Major American playwright, distinguished for her unprecedented success for a woman on Broadway and for her literary career, including screenwriting and memoirs, which spanned nearly 50 years. Name variations: Lily; Lillian Kober. Pronunciation: HEL-men. Born Lillian Hellman on June 20, 1905, in New Orleans, Louisiana; died at Martha's Vineyard on June 30, 1984; daughter of Max Hellman (a salesman) and Julia (Newhouse) Hellman; attended public school in New Orleans and Public School 6 in New York City; graduated from Wadleigh High School in New York City, 1921; attended New York University for two years; married Arthur Kober (a press agent), in 1925 (divorced 1933); lived with Dashiell Hammett; no children.

Awards:

Drama Critics Circle Award for Watch on the Rhine (1941) and Toys in the Attic (1960); American Academy of Arts and Letters (1962); MacDowell Medal for Contributions to Literature (1976); National Book Award for Arts and Letters for An Unfinished Woman (1969); awarded honorary doctorate from Yale University, Columbia University, and Smith College, as well as honorary degrees from various other schools.

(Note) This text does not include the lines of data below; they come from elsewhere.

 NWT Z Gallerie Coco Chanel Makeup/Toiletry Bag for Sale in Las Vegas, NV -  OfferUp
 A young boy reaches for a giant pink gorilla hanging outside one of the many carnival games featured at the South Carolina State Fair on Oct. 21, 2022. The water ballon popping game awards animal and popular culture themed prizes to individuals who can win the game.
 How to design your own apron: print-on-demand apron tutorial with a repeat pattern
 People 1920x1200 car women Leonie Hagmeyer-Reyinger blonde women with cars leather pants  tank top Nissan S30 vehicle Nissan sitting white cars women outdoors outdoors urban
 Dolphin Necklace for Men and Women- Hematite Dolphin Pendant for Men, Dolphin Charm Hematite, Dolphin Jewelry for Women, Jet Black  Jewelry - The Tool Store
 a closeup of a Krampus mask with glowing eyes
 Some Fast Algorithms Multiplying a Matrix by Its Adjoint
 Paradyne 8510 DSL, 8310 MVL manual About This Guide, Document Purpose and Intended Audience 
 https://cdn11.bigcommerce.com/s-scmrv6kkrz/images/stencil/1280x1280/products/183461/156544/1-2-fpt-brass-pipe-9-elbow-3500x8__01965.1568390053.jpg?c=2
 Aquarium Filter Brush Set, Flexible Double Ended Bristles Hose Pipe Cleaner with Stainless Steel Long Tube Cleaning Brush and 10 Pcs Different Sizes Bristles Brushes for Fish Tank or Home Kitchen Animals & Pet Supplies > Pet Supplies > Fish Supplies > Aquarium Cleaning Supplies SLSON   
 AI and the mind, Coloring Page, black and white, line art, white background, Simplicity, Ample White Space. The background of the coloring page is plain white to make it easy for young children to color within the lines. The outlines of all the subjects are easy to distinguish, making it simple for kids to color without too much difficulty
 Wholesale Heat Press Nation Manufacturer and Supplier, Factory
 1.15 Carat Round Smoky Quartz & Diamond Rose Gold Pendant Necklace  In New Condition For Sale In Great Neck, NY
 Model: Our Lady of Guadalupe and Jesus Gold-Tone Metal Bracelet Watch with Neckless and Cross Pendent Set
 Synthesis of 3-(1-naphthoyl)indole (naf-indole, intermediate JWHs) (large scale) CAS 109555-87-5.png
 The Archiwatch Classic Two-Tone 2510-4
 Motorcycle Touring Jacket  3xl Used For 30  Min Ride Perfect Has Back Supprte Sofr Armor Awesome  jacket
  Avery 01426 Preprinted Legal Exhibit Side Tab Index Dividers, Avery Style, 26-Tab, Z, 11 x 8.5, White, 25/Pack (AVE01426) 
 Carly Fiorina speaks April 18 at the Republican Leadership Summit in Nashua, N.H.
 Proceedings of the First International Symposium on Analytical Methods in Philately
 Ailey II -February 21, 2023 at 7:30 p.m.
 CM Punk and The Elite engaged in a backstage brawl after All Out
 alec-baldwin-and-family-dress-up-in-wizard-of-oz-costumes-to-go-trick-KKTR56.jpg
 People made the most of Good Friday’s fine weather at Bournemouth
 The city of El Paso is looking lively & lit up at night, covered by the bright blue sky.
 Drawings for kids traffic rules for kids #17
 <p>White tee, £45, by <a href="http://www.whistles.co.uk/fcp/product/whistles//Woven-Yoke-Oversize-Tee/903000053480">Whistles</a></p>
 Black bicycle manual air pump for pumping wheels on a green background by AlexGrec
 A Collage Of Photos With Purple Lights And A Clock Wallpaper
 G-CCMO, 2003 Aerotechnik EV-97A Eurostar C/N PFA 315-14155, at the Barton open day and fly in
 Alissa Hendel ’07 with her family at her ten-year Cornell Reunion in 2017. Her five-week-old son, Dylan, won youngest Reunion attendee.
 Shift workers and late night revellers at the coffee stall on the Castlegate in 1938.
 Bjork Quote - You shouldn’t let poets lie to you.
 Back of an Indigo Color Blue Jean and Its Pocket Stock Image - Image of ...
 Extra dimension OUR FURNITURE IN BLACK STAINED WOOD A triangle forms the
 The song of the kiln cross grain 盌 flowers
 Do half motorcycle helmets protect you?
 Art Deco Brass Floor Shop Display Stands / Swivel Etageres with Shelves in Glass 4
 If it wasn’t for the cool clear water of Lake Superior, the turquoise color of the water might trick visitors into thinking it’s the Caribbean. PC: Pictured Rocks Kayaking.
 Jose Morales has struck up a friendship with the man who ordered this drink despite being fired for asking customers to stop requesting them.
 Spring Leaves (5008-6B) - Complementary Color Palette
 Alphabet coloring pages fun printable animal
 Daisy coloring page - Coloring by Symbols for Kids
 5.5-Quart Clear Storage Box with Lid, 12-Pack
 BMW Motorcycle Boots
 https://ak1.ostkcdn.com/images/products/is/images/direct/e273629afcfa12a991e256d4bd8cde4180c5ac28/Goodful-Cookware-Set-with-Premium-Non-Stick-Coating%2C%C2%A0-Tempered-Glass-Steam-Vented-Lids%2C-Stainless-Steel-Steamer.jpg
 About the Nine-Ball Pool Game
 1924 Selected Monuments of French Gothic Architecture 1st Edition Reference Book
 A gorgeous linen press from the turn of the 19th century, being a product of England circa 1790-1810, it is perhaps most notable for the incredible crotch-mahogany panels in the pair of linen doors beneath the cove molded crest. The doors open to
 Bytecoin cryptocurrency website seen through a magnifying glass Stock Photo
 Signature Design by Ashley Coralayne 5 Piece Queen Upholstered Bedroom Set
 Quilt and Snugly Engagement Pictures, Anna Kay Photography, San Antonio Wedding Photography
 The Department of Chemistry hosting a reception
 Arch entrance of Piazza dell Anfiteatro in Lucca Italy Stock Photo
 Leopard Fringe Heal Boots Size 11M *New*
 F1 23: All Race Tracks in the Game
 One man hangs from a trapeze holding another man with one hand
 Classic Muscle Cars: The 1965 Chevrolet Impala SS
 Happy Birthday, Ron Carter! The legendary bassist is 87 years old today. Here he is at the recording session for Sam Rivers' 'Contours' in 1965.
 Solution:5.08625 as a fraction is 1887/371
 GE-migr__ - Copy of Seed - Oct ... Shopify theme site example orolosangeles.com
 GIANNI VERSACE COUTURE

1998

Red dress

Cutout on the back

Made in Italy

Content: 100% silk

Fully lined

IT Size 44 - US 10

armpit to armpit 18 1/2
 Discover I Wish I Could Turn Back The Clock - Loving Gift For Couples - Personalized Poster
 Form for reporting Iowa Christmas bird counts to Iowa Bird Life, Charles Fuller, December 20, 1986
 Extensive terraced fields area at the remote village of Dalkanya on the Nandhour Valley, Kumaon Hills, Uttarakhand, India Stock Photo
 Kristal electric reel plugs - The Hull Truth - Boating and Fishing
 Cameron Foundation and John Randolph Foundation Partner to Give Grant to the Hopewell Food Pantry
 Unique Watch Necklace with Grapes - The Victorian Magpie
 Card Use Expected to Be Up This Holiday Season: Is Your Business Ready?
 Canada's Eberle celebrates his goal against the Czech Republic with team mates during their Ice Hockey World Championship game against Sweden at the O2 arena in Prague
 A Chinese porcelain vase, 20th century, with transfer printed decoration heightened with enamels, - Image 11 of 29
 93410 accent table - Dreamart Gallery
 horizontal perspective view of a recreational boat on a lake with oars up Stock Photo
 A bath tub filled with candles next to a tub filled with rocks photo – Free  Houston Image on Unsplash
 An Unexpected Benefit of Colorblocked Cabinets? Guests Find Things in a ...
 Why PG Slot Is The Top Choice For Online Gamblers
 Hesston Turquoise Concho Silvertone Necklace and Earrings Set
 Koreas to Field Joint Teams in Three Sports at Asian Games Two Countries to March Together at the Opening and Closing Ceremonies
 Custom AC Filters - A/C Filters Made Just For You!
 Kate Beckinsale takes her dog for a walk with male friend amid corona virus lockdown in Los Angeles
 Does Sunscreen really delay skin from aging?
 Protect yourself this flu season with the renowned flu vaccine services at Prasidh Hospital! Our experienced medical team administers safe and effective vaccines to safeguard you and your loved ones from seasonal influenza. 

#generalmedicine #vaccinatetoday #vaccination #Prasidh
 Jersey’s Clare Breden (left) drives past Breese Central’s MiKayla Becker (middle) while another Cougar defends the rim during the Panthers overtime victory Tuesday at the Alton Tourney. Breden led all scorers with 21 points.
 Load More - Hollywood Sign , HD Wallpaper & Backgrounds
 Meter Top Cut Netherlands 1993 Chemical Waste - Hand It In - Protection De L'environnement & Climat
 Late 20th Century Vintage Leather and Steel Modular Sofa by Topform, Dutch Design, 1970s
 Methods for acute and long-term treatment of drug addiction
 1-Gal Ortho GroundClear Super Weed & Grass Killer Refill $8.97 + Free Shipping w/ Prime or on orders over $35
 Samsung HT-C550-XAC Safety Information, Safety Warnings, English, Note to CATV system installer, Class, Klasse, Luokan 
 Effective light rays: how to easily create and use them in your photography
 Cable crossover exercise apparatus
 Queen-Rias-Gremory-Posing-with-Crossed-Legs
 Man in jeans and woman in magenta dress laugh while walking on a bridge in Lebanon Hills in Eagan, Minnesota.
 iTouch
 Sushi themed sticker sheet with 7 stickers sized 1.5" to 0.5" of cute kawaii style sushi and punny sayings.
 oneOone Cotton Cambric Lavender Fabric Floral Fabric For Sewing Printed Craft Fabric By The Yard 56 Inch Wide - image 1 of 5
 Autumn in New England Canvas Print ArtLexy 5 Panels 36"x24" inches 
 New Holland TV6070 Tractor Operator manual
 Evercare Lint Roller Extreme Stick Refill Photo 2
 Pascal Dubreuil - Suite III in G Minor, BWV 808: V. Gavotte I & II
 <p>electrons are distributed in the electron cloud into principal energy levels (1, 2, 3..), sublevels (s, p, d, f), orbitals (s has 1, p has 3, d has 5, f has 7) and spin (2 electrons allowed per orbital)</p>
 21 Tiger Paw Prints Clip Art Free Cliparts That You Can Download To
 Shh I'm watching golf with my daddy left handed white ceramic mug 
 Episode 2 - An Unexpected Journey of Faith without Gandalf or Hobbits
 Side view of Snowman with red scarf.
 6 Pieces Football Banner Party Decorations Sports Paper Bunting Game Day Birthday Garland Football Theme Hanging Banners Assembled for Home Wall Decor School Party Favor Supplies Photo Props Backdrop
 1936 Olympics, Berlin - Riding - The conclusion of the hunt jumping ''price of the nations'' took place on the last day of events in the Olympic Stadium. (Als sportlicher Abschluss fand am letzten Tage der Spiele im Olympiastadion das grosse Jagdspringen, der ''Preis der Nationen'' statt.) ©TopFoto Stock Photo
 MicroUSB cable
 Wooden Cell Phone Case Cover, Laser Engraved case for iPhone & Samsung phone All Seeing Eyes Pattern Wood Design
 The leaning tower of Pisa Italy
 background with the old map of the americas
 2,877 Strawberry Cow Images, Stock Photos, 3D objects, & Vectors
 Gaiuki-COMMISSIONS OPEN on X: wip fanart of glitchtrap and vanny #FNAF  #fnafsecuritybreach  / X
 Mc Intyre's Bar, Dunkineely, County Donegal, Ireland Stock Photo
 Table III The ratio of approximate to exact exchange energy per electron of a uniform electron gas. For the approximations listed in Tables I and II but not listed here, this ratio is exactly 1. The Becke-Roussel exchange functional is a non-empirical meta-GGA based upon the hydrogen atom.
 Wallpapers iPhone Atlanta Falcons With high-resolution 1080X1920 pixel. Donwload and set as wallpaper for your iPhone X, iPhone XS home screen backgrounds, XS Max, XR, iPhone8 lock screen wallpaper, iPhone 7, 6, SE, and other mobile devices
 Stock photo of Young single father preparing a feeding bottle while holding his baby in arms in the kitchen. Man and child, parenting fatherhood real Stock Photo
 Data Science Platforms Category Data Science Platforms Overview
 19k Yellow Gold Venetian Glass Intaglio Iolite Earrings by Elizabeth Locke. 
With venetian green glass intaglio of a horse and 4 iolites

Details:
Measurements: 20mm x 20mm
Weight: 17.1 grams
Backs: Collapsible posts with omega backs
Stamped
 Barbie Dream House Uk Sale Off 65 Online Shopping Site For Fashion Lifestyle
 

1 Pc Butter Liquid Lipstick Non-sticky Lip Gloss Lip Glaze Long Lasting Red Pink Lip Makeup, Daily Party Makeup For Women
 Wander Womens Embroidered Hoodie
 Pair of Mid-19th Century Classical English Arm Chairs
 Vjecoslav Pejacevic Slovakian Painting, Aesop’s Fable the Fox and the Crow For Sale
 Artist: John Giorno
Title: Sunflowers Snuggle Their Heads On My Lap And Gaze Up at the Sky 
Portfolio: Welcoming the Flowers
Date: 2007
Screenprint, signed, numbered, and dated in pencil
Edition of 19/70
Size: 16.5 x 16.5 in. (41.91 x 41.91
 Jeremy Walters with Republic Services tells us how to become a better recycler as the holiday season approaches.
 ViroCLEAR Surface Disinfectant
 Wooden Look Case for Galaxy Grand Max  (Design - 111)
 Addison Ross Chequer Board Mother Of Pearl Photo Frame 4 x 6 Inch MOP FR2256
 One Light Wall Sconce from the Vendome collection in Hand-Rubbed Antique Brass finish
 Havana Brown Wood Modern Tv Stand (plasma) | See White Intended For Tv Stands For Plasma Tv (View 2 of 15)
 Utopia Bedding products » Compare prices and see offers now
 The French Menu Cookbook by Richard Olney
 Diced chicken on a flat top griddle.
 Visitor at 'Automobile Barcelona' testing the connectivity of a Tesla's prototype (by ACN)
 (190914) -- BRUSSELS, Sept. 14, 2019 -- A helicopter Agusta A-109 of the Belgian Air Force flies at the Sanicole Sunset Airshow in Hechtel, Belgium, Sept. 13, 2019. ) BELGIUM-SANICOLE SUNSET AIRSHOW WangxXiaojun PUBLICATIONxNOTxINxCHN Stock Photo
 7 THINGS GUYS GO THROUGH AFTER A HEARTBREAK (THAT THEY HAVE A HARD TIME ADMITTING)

Family moved back and forth between New Orleans and New York City before settling in New York when Hellman was 16; at 19, worked for Liveright Publishing Company as clerk-reader until she married Arthur Kober (1925); moved to Paris and then to Hollywood with husband, landed a job as a script reader for MGM; met Dashiell Hammett (1930); wrote The Children's Hour, her first hit play (1934); became a screenwriter for MGM but continued theater work, maintaining a residence in New York City; known for her political and social activism, particularly in the 1930s and '40s; supported the anti-fascist cause in Spain by raising money, financing and collaborating on film documentary on the Spanish Civil War; was one of the chief sponsors of the Waldorf Peace Conference (1949); called to testify before the House Un-American Activities Committee (1952) where she made her famous statement and narrowly avoided being cited for contempt for her refusal to "name names"; blacklisted from Hollywood (late 1940s–early 1950s) due to alleged Communist affiliations; after 12 original plays and 3 adaptations, her illustrious career in the theater was over by 1963; collaborated on her final screenplay, The Chase (1966); in her 60s, embarked on an even more rewarding literary career with her critically acclaimed memoirs; organized and chaired the Committee for Public Justice (1970s).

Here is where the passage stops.